А вообще-то классно было иметь такую болезнь, и если бы мы вовремя сообразили, то тоже могли бы ее подхватить, ведь, поскольку Тотор-средний в каком-то смысле почти не существовал, поскольку он был наглухо закрыт для других в своей тайне, его никто никогда не ругал. На него даже голос никогда не повышали. Ему всегда и во всем потакали. А он только и делал, что писал. Даже сидя на дереве, он что-то писал. Но всем было наплевать, что он там себе сочиняет. Может, расписывает жизнь собственной персоны, может, просто черкает всякие каракули или выдумывает какую белиберду — неважно, у нас в семье любопытных не было.
Все вокруг утопало в цветах, и сверху это было видно особенно хорошо. Прежде всего, двор, но не такой, знаете, ухоженный, с беседкой и длинными дорожками, посыпанными гравием. Идти двор был скорее «свободной планировки», из тех, что устроены как попало, просто вытоптанная площадка, отделявшая дом от остального мира. Цветы здесь были посеяны просто так, пригоршнями, без всякого плана и заботы, со смутной надеждой на то, что в один прекрасный день тут вырастет нечто, напоминающее фотографию на пакетике с семенами.

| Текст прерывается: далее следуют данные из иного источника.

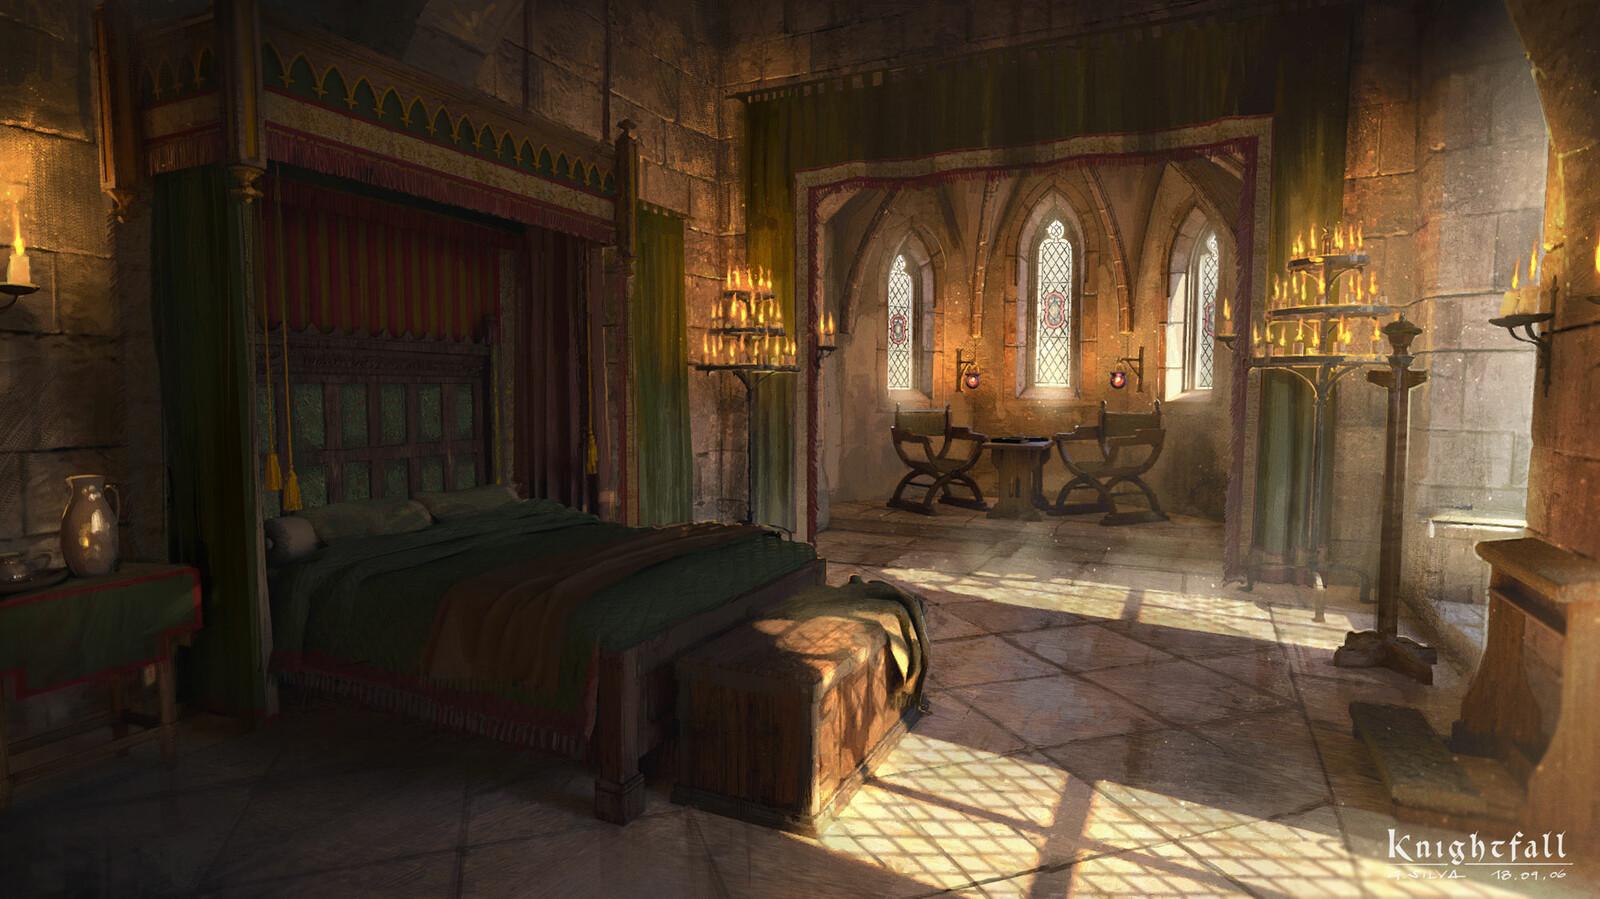 Luis's bedroom

Помимо двора и сада с дерева хорошо просматривались и другие наши владения: обнесенные забором гектары полей на холме, летом зараставшие травой, которая сгнивала потом под снегом. А еще там были стены — говорят, остатки римских фортификационных сооружений, — нагромождения камней, которые возвышались здесь с незапамятных времен и только в последнее время начали разваливаться. В отличие от них наш забор уже давным-давно приказал долго жить — посеревшие колья ломались как хворост. Издалека они были похожи на покосившиеся кладбищенские кресты. А земля, окруженная этим забором, стоила не дороже протянутой между кольями колючей проволоки, которая стала вроде как ядовитая, ибо проржавела настолько, что, оцарапавшись, можно было подхватить столбняк. Бабушка всегда говорила нам держаться подальше от колючей проволоки. Бабуля у нас была суровая, но, видимо, все же не до такой степени, чтобы желать нам столбняка.